What this task involves: Print out the data that follows exactly, character for character, apart from the pictures.
*** Opening of Information supplied ***
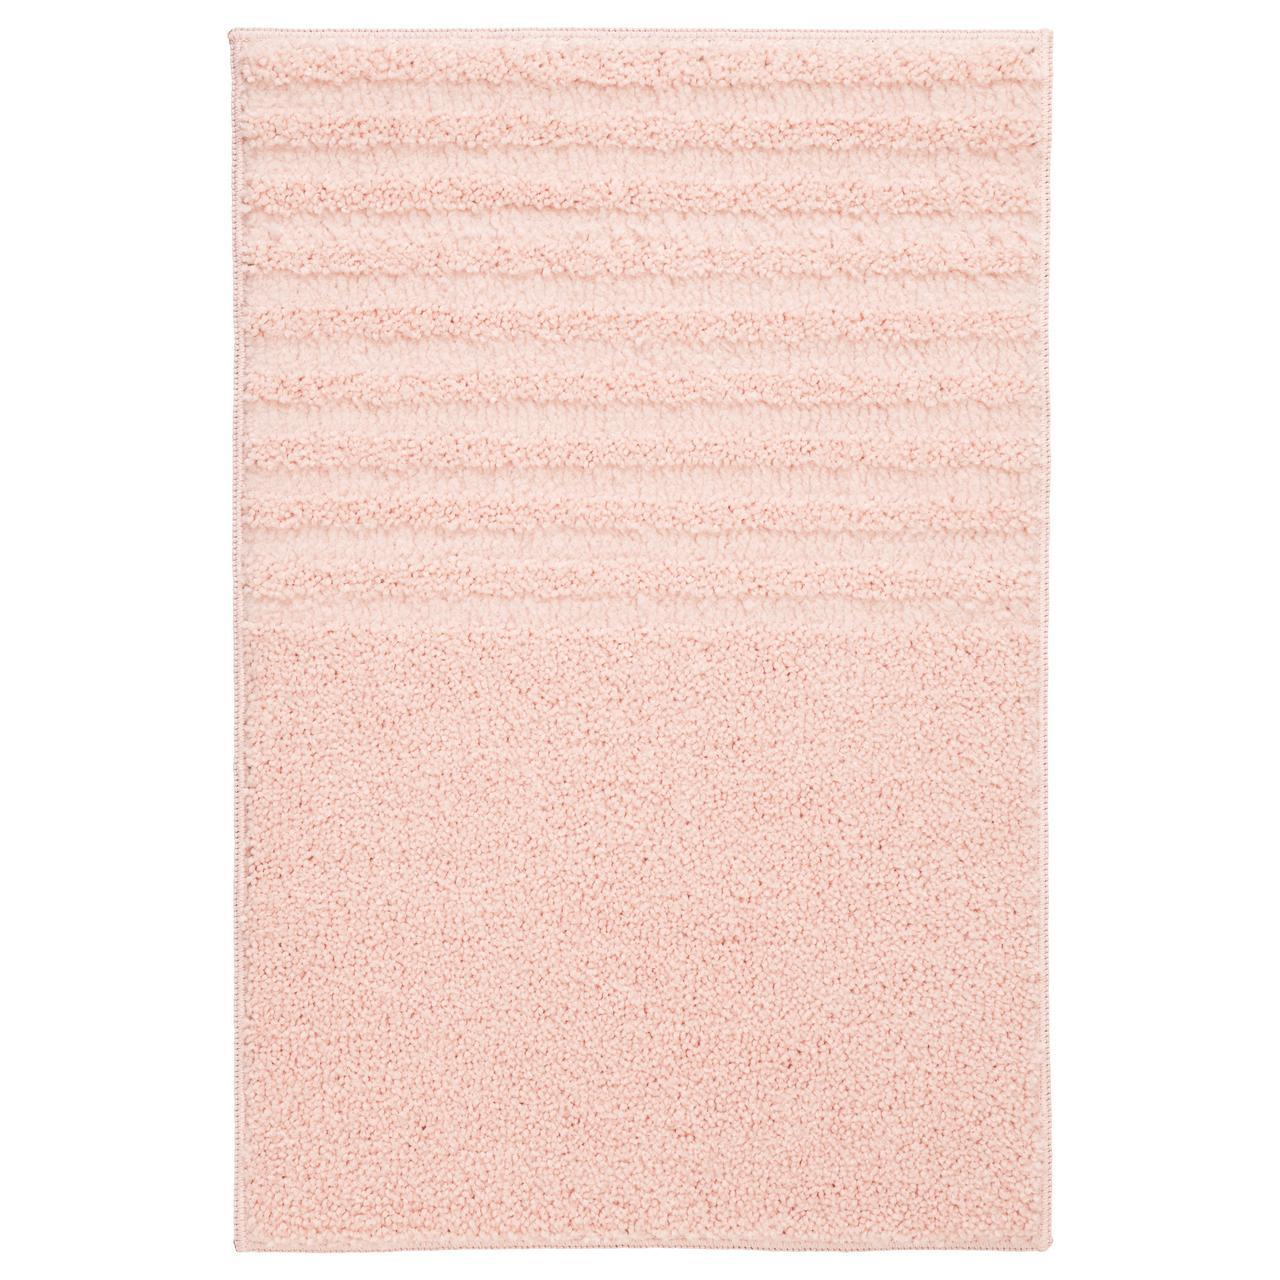 ВОКСШЁН Коврик для ванной, бледно-розовый
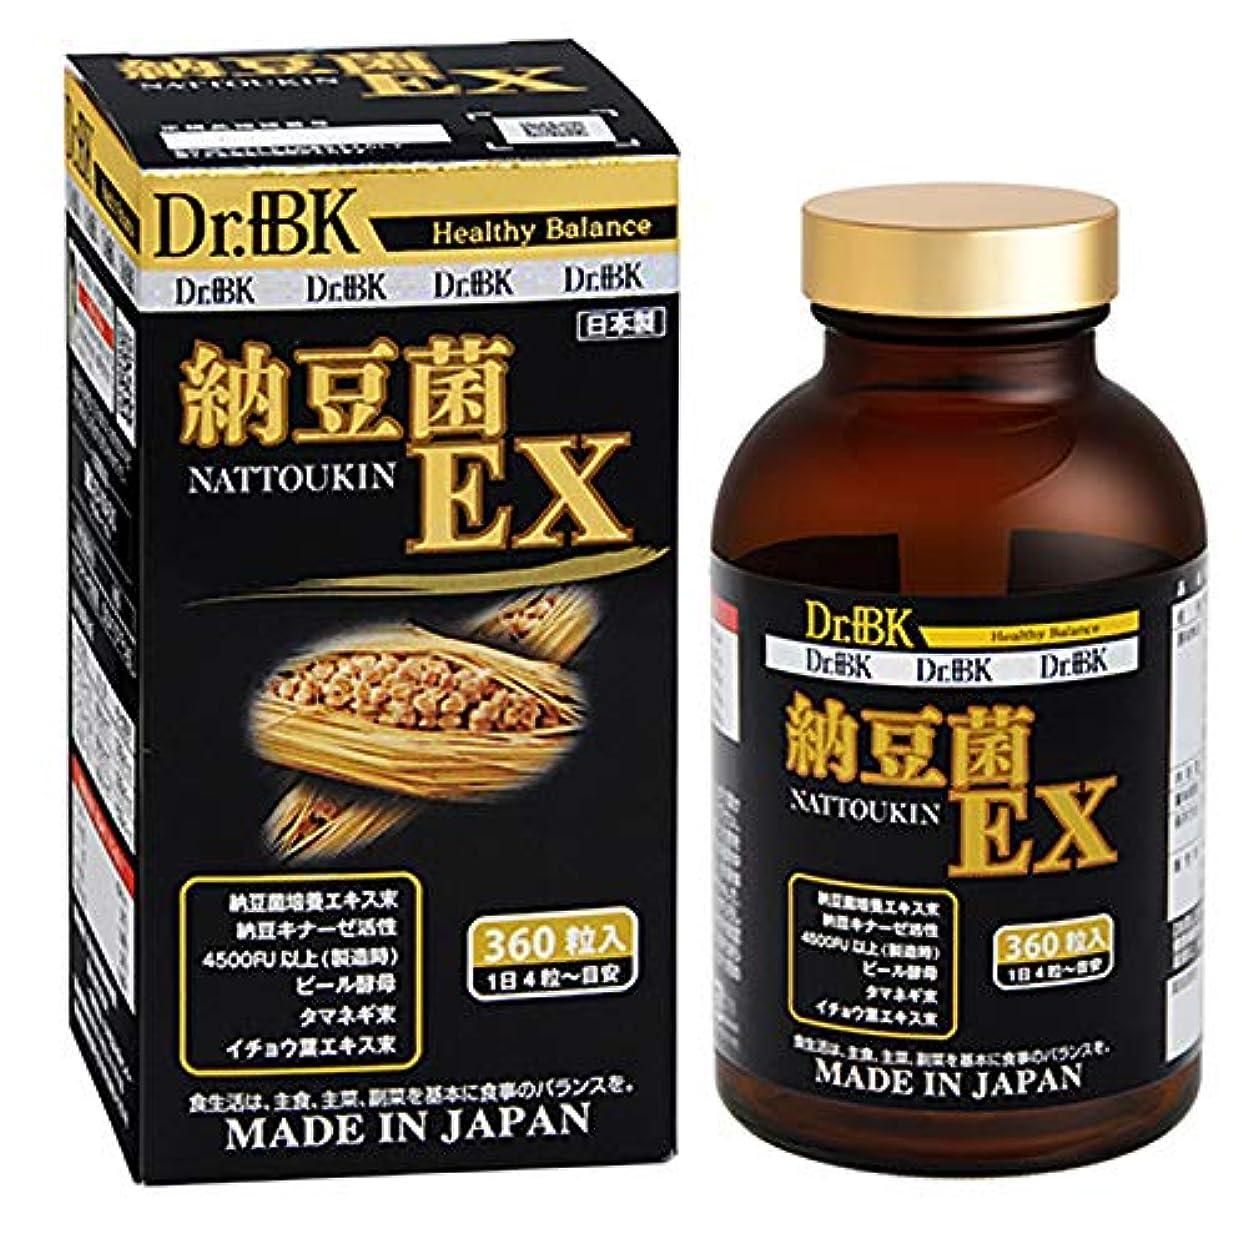 ラブ助手宿題をするDr.+BK 納豆菌 EX(黒) 野口医学研究所 3ヶ月分 ‐ SH762422
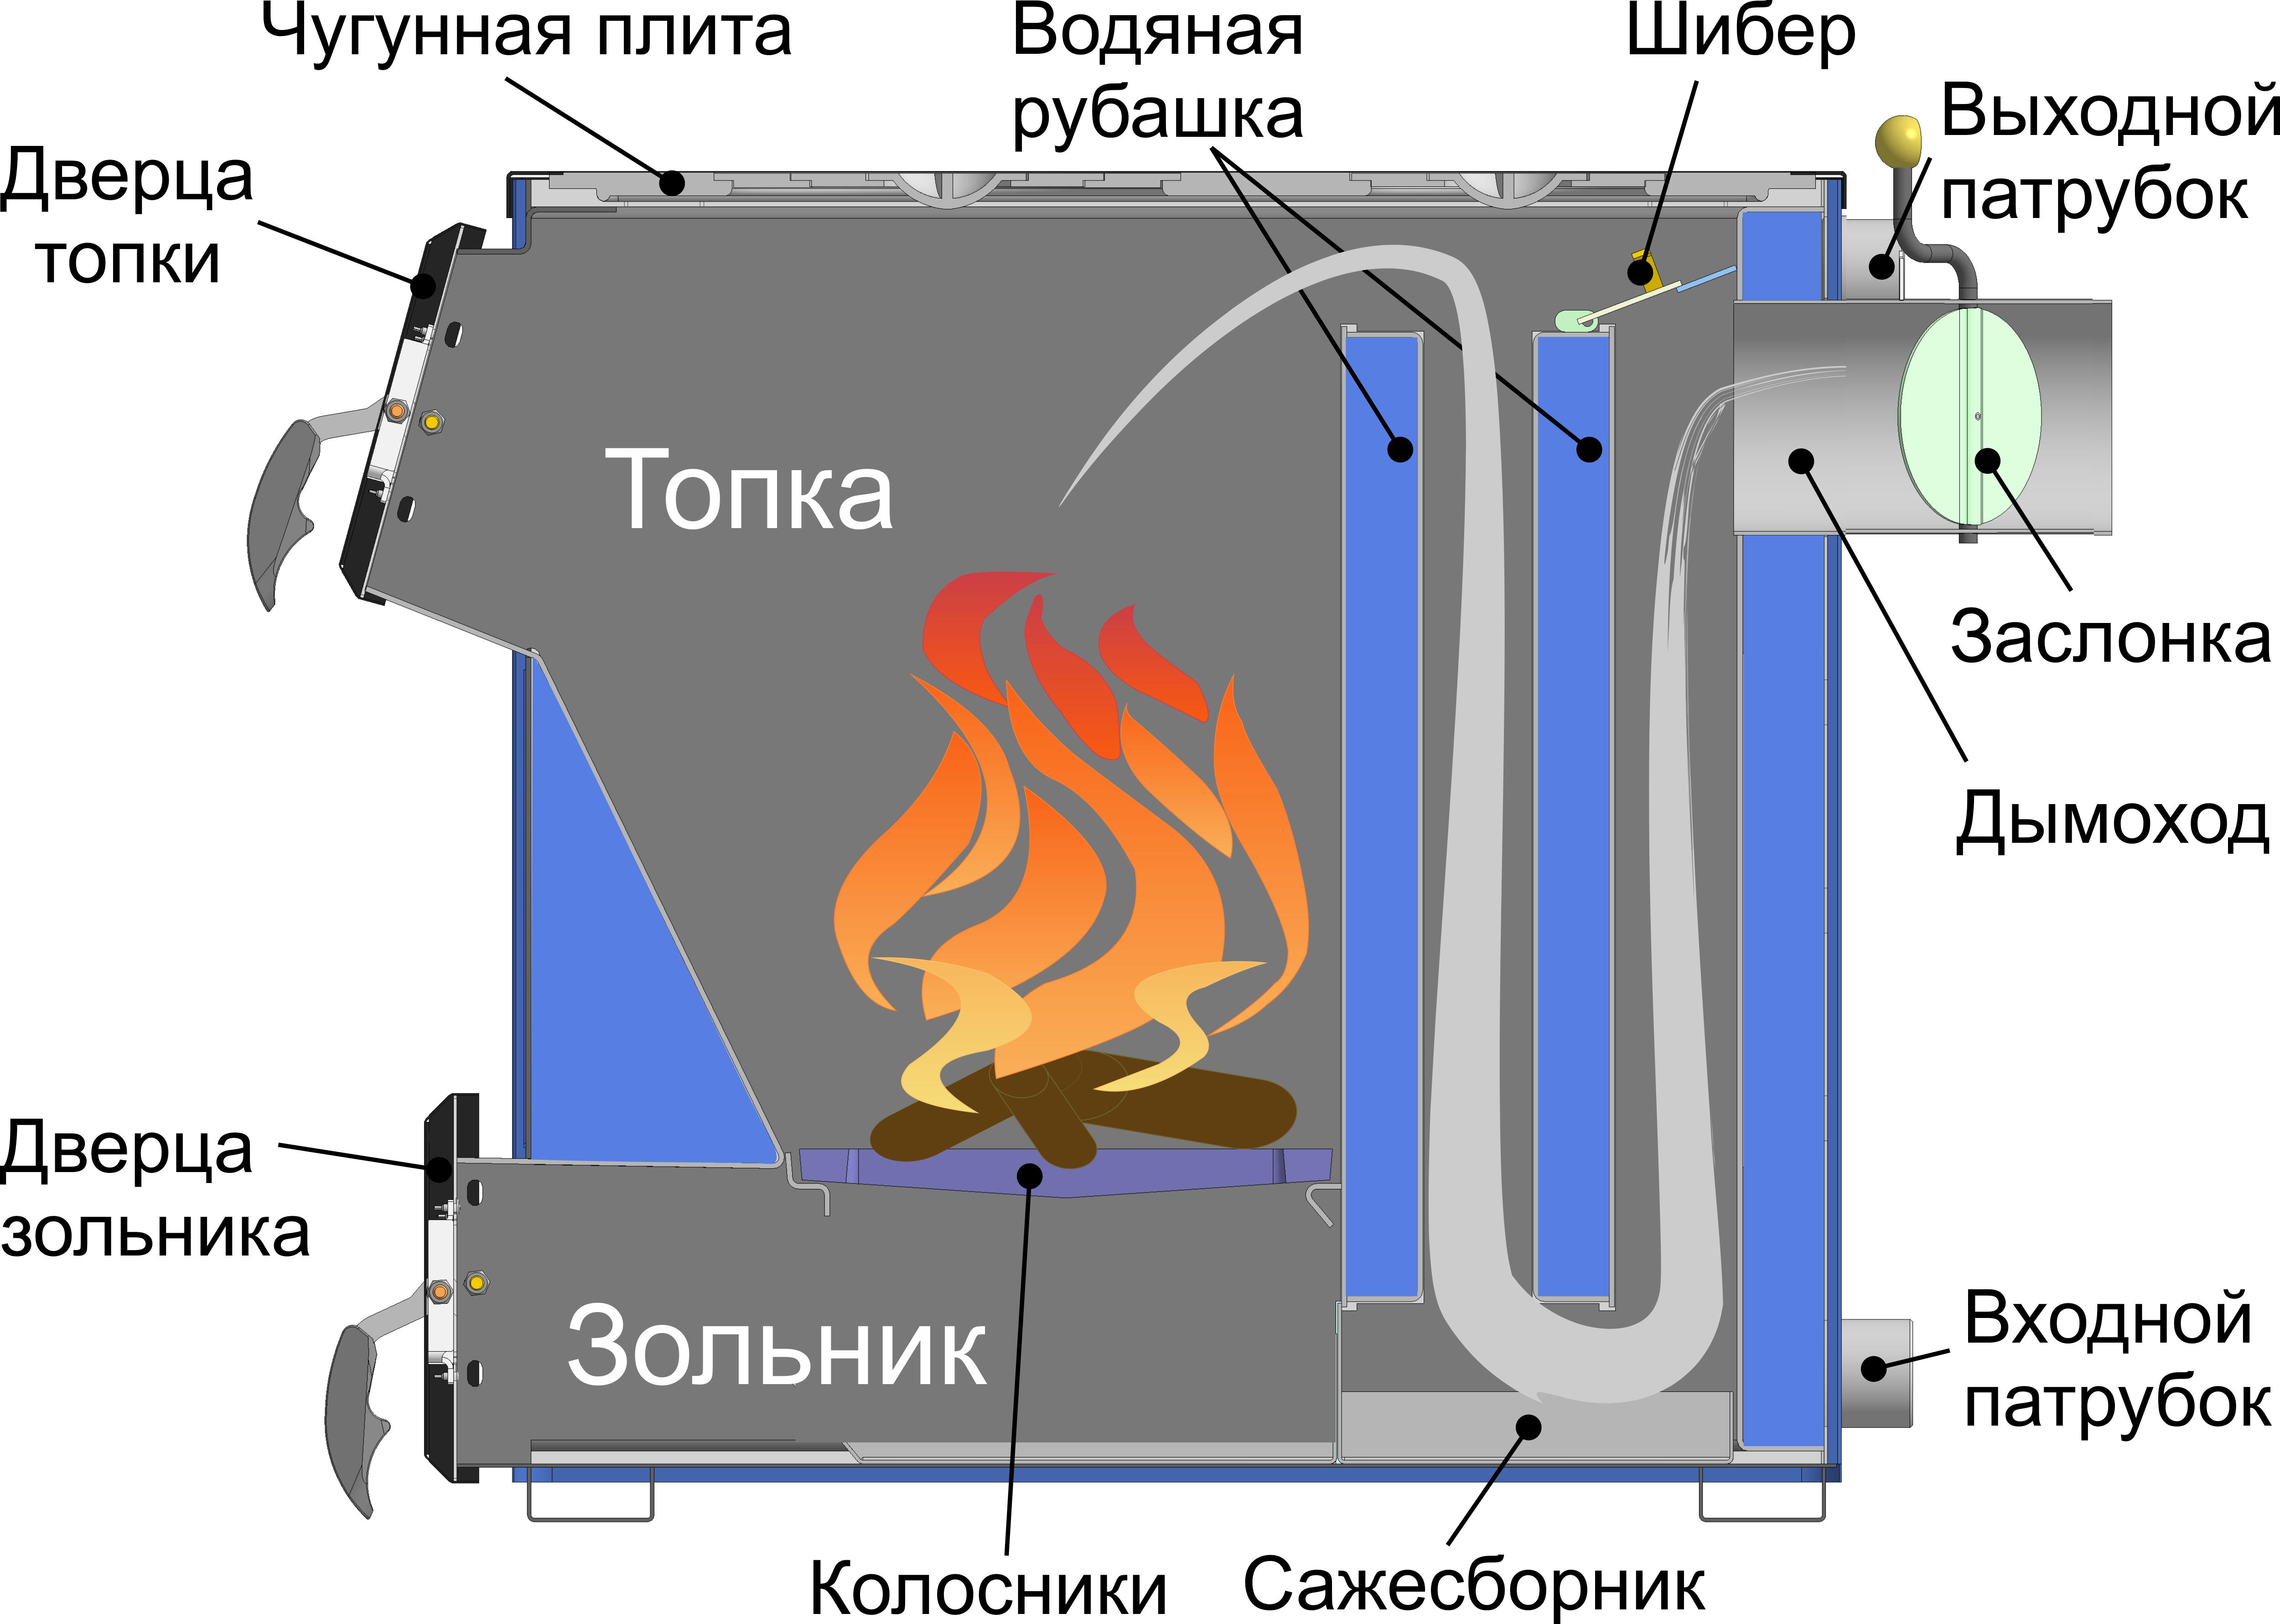 Su ısıtması için kazan. Su ısıtıcısı veya odun ateşlemeli kazan
*** Close of Information supplied ***
Response area:
 ВОКСШЁН Коврик для ванной, бледно-розовый
 ラブ助手宿題をするDr.+BK 納豆菌 EX(黒) 野口医学研究所 3ヶ月分 ‐ SH762422
 Su ısıtması için kazan. Su ısıtıcısı veya odun ateşlemeli kazan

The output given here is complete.